Top of INFORMATION GIVEN

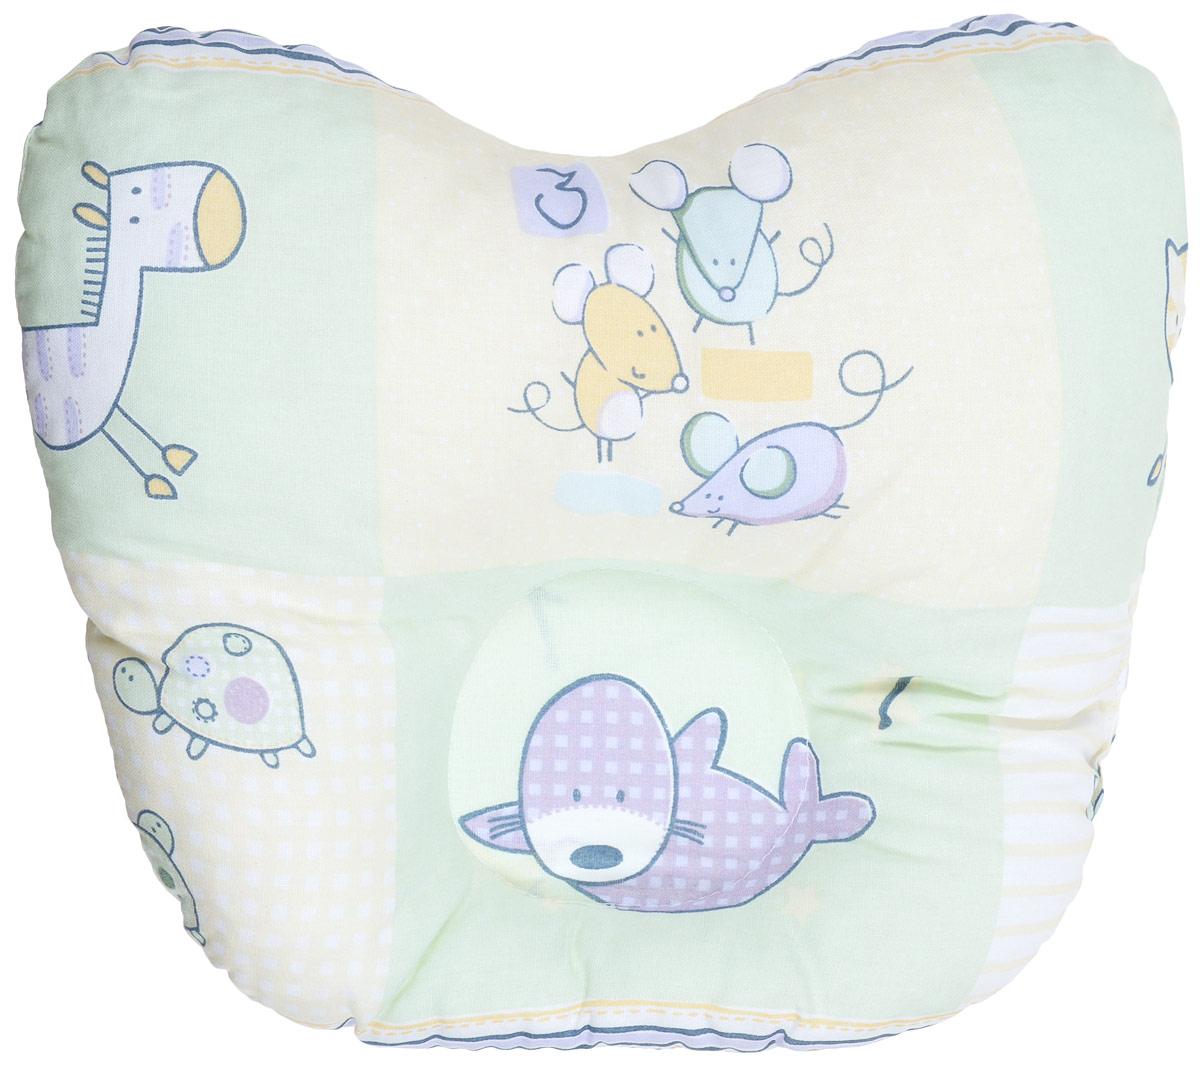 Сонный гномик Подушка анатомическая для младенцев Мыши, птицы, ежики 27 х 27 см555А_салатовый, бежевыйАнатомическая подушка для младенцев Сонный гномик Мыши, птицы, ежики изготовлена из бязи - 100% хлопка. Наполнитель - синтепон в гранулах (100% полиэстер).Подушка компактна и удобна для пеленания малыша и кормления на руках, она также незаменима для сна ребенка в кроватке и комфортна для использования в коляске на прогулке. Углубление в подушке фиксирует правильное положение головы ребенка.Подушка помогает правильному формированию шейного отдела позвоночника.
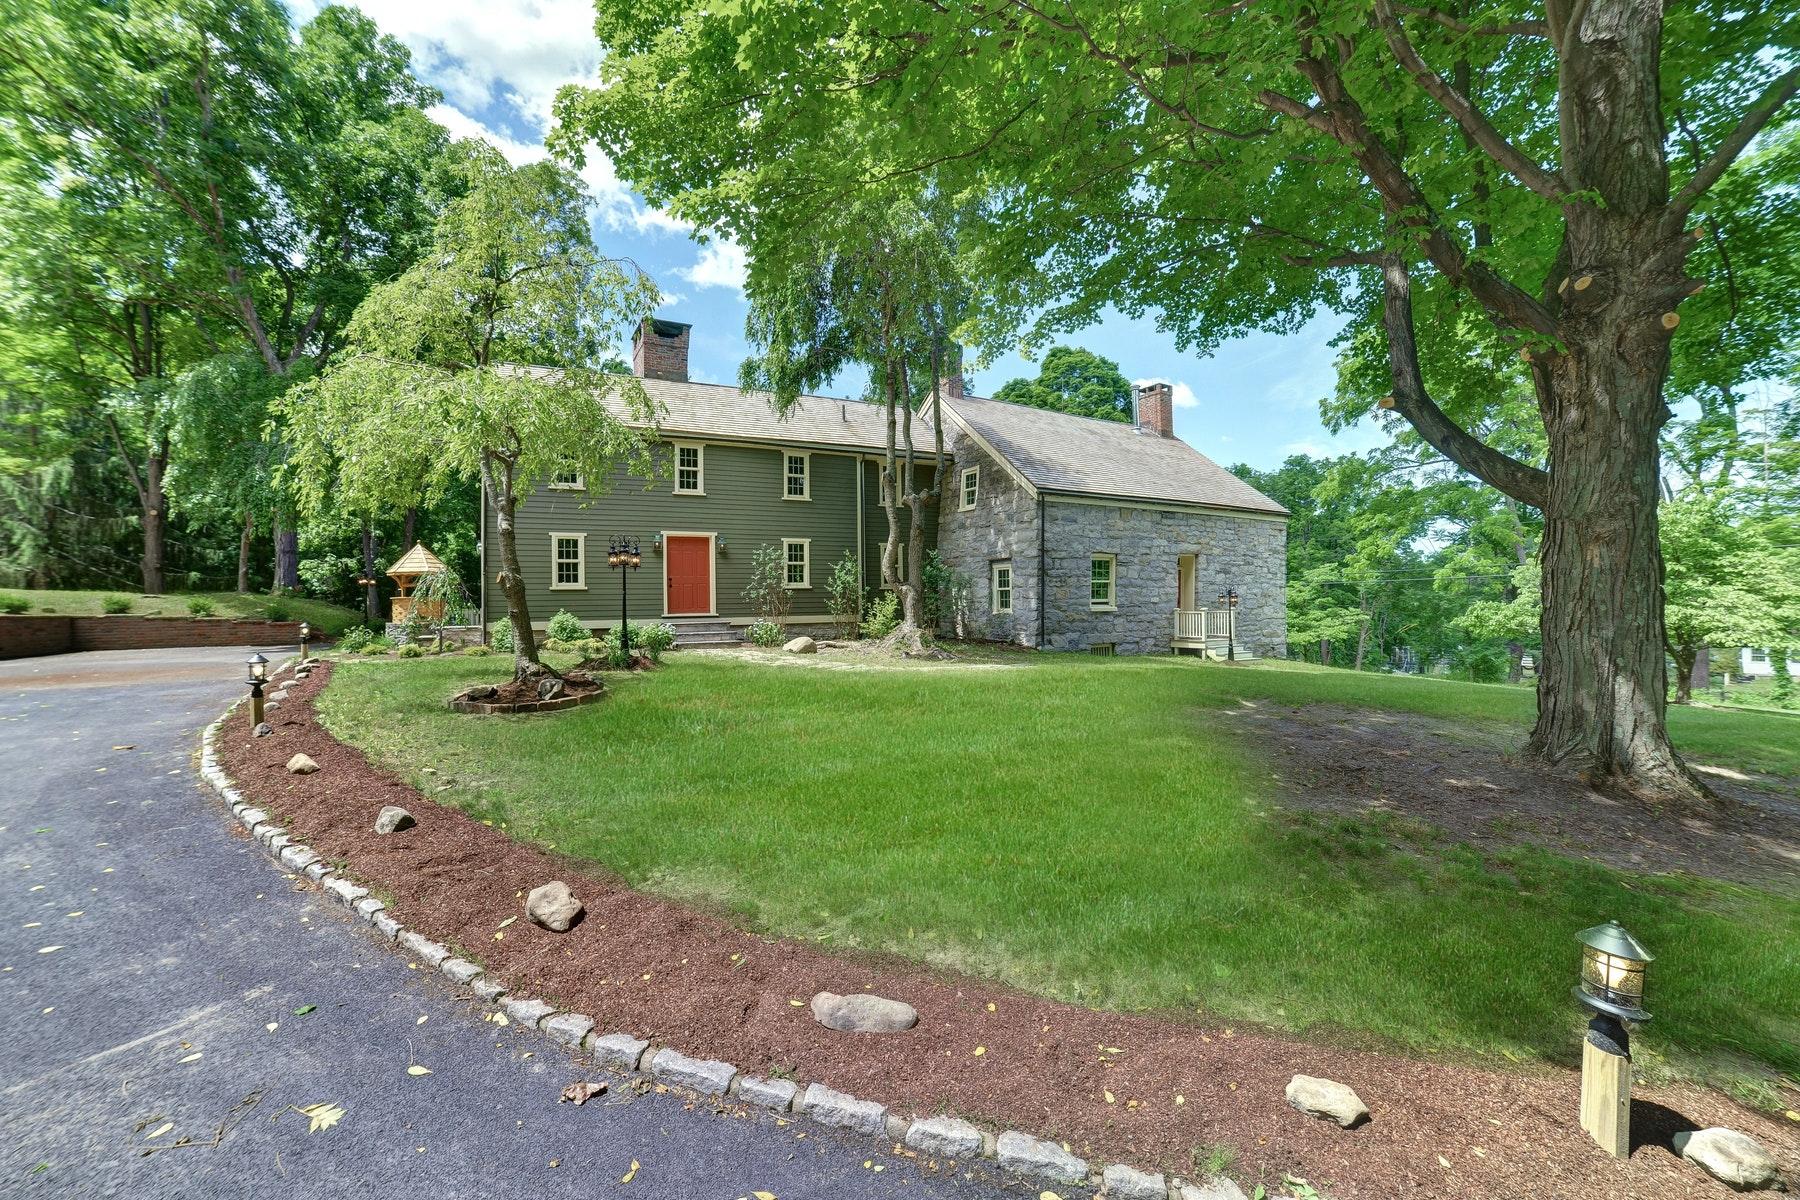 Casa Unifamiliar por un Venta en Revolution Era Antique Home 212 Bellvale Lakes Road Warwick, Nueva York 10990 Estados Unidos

Bottom of INFORMATION GIVEN
Top of INFORMATION GIVEN

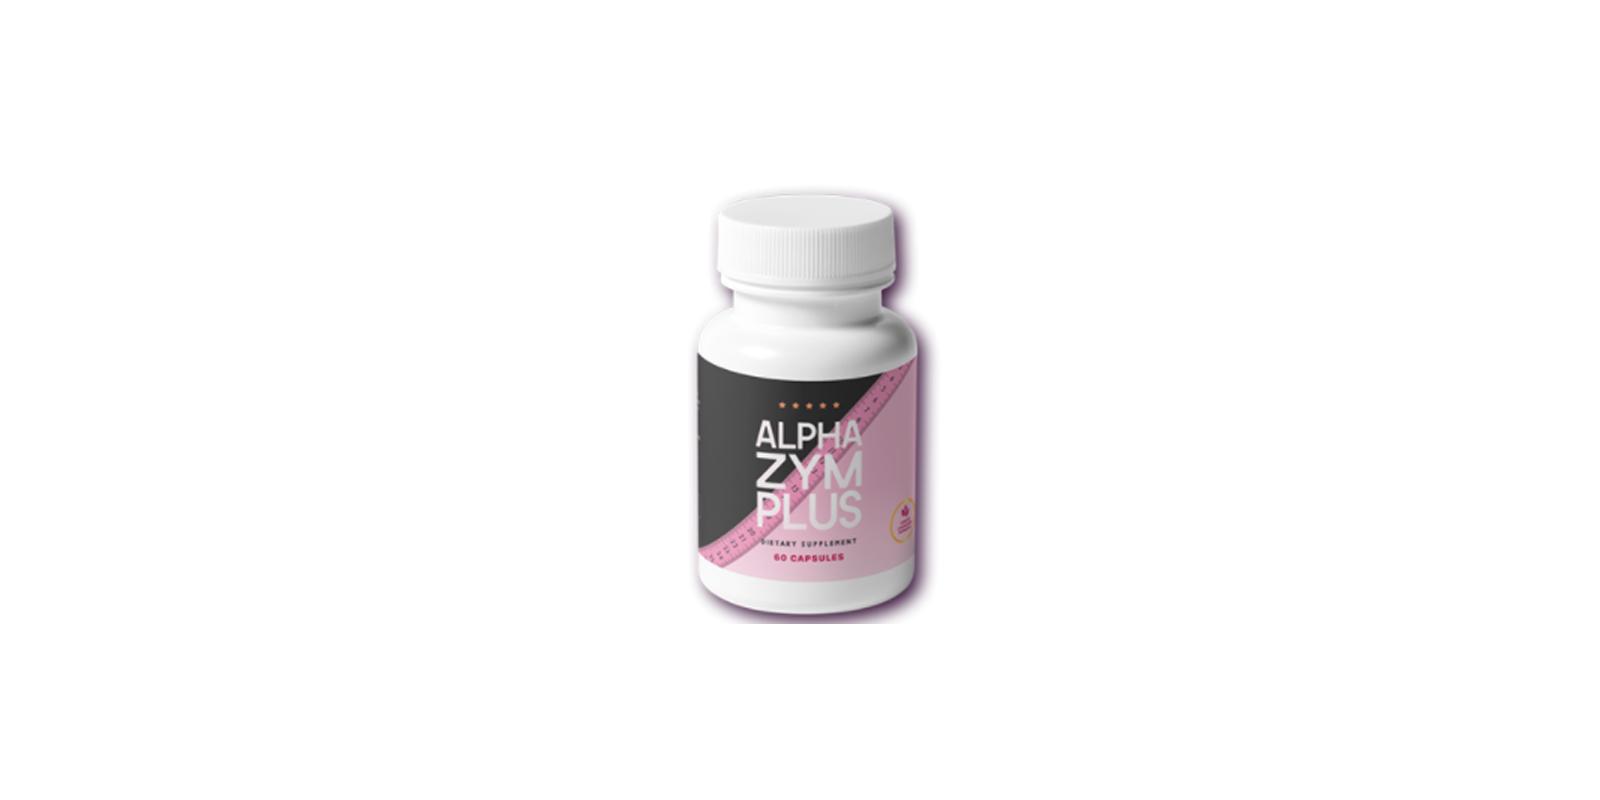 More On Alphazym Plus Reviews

Bottom of INFORMATION GIVEN

* **PROBLEM DESCRIPTION**: Taking the records above, print only and exactly the lines from the line with "Сонный гномик Подушка" to the line with "Casa Unifamiliar por", both kept, and exclude pictures.

* **WRITTEN ANSWER**:
 Сонный гномик Подушка анатомическая для младенцев Мыши, птицы, ежики 27 х 27 см555А_салатовый, бежевыйАнатомическая подушка для младенцев Сонный гномик Мыши, птицы, ежики изготовлена из бязи - 100% хлопка. Наполнитель - синтепон в гранулах (100% полиэстер).Подушка компактна и удобна для пеленания малыша и кормления на руках, она также незаменима для сна ребенка в кроватке и комфортна для использования в коляске на прогулке. Углубление в подушке фиксирует правильное положение головы ребенка.Подушка помогает правильному формированию шейного отдела позвоночника.
 Casa Unifamiliar por un Venta en Revolution Era Antique Home 212 Bellvale Lakes Road Warwick, Nueva York 10990 Estados Unidos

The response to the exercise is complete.